Re: internet media types and encoding from Tim Bray on 2003-04-11 (www-tag@w3.org from April 2003)

From: Tim Bray <tbray@textuality.com>
Date: Fri, 11 Apr 2003 10:55:14 -0700
To: Chris Lilley <chris@w3.org>
Cc: Paul Grosso <pgrosso@arbortext.com>, www-tag@w3.org
Message-ID: <3E970182.8010805@textuality.com>

Chris Lilley wrote:
> Unlike Rick I am not making this argument on the basis of the ease of
> detecting encoding labelling or conversion errors; rather, on the
> basis of those non-printing characters having no basis being in a
> marked up document.

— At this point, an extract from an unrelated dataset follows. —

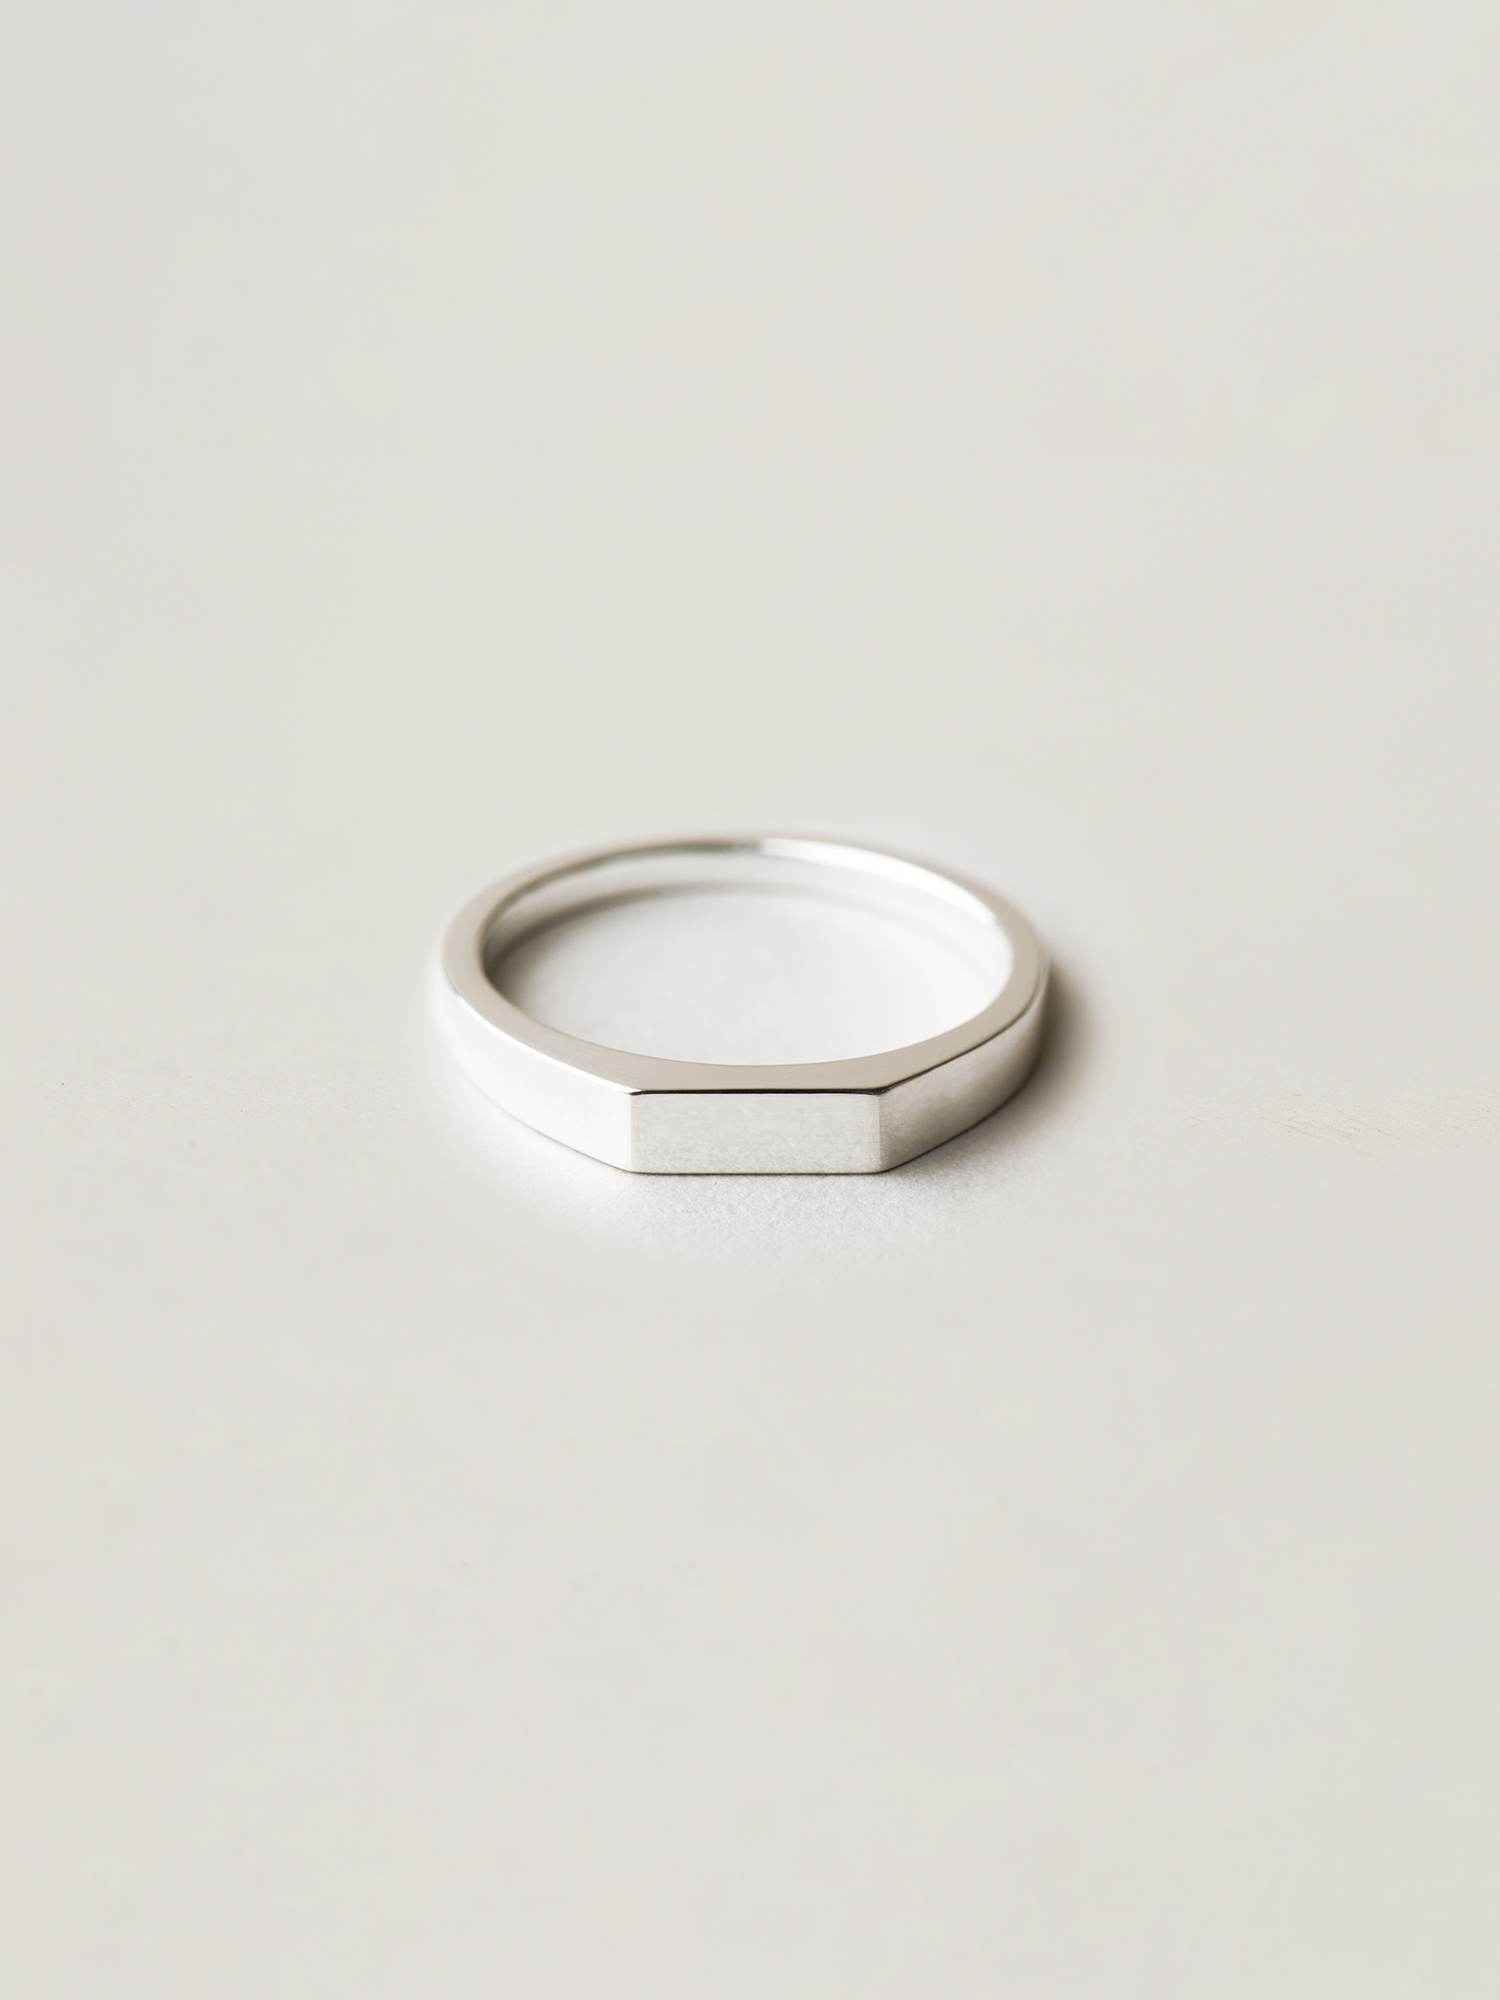 Christina-Pauls-Siegelring-Verlobungsring-Silber2.jpg
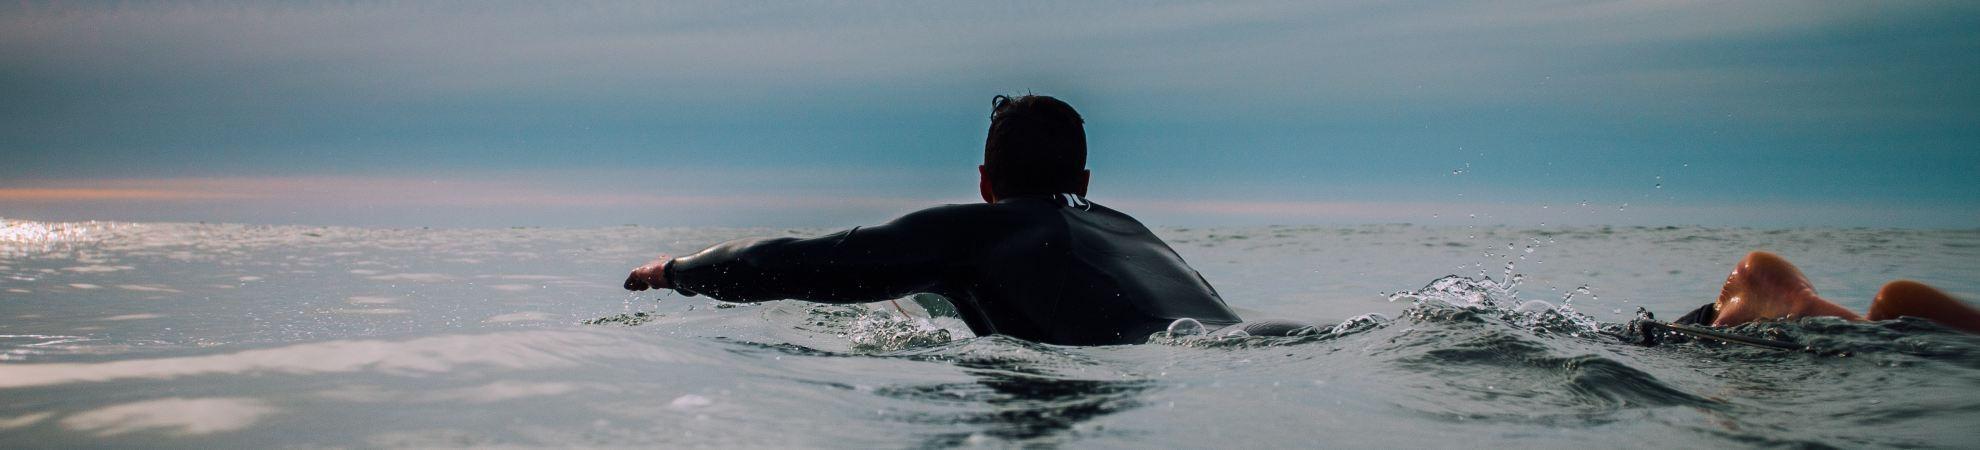 Open Water Swimming: All Year Around

I mean, start of string? end of guarded area?

I profoundly agree with Chris here, but I had thought this issue to have 
been long-since decided.  My vision of XML is that element content is 
text, and text is a string of characters, and characters have the 
semantics that Unicode says they have.  Most of the C0 and C1 control 
characters have no useful or agreed-upon semantics, and they have no 
place in XML under any circumstances.  Their inclusion substantially 
decreases interoperability.  Do enough of the TAG agree that we should 
take this up officially?  -Tim

Received on Friday, 11 April 2003 13:55:17 UTC